After a lifetime of achievement and adventure that includes three wives; four children; six years abroad (most of them in Paris as a
Newsweek
correspondent); a close personal friendship with his fellow Harvard graduate John F. Kennedy; the editorship of
The Wash
ington Post
during Vietnam, the Pentagon Papers, Spiro Agnew, Watergate, and the fall of communism; his dazzling marriage to Sally Quinn and their large, comfortable homes in Georgetown, on the Chesapeake Bay, and in the Hamptons; Bradlee was a little surprised how vivid his recollections of the war were and how important they seemed to him in his seventies, when he was writing his autobiography.

Nonetheless, they remain stories and memories for his own satisfaction; he seldom shares them, not even with the two fellow officers from his destroyer, the
Philip,
who live in the Washington, D.C., area. As he was raising his children, three boys and a girl, Bradlee would occasionally bring up an experience from those days. When he did, the kids would say, “Uh-oh, here comes the Big Two.” Bradlee would like to go to a reunion of the men and officers of his ship, but he laughingly concedes that he hasn't been to one because his wife, Sally, has no interest, even though she's the daughter of a distinguished Army general.

It's probably just as well. Bradlee's life since those exciting days on the
Philip
has taken him to places and heights far removed from the lives of the other men on board. They shared a time and a place in their late teens and early twenties that could never be duplicated, and Bradlee has reserved a special corner of his memory for that distinctive experience. While a reunion might be fun, it's hard to imagine it could add to the original experience.

There are times when Bradlee doesn't hesitate to bring up the war years and the pride he has in his service record: when people question his patriotism, a not uncommon blasphemy leveled at journalists, especially one running the preeminent newspaper in the nation's capital. As Bradlee puts it, using one of his many favorite profanities, “I have a special reaction to those who impugn my love of country, especially those f——s on the Hill.” But Bradlee also believes it gives him a special bond with people like Senator John McCain, the Arizona Republican, Naval Academy graduate, and POW in Vietnam.

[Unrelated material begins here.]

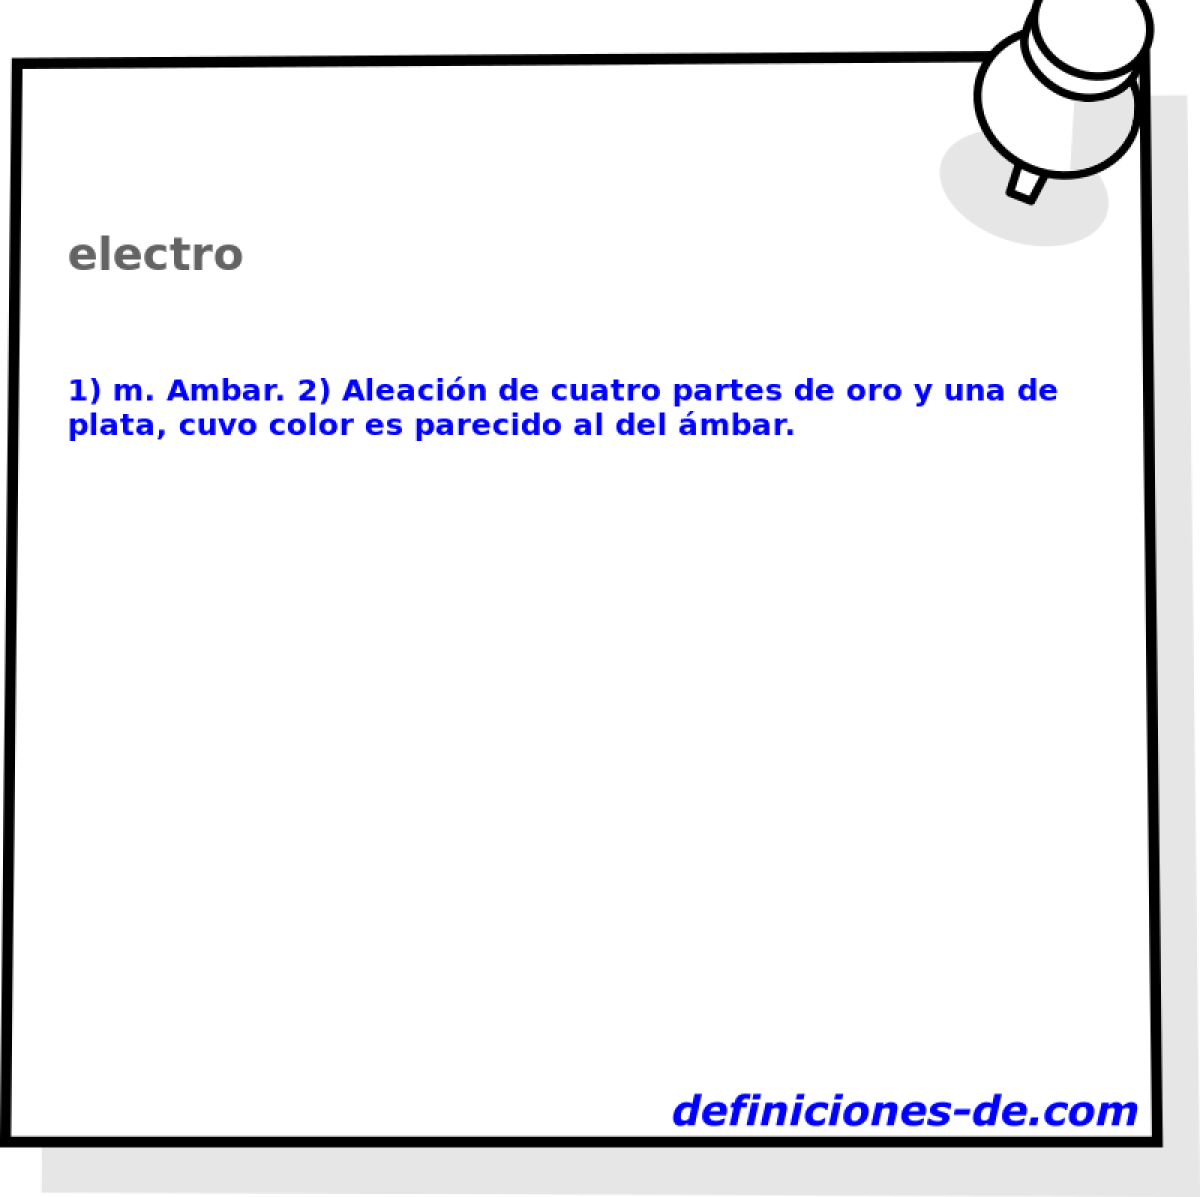 electro

He thinks of the experience of World War II as being as important to his life as overseeing the Watergate reporting when he was editor of
The Washington Post.
He says, “It separates those of us who were in the war from those who never had that kind of experience—the teamwork, the danger of dying, the self-confidence we gained. I don't feel superior as a result of those days. I just know I learned a helluva lot from being there.”

He also believes this is true for almost everyone who served in the military, whether they saw combat or were heroes. “It wasn't just about throwing grenades or jumping into the water to save someone's ass,” he says. “God, my ship went from the coast of Massachusetts through the Panama Canal, forty days to Guadalcanal. When we started, I was the lowest cog in the machine. By the time we got there, I was really a part of something.”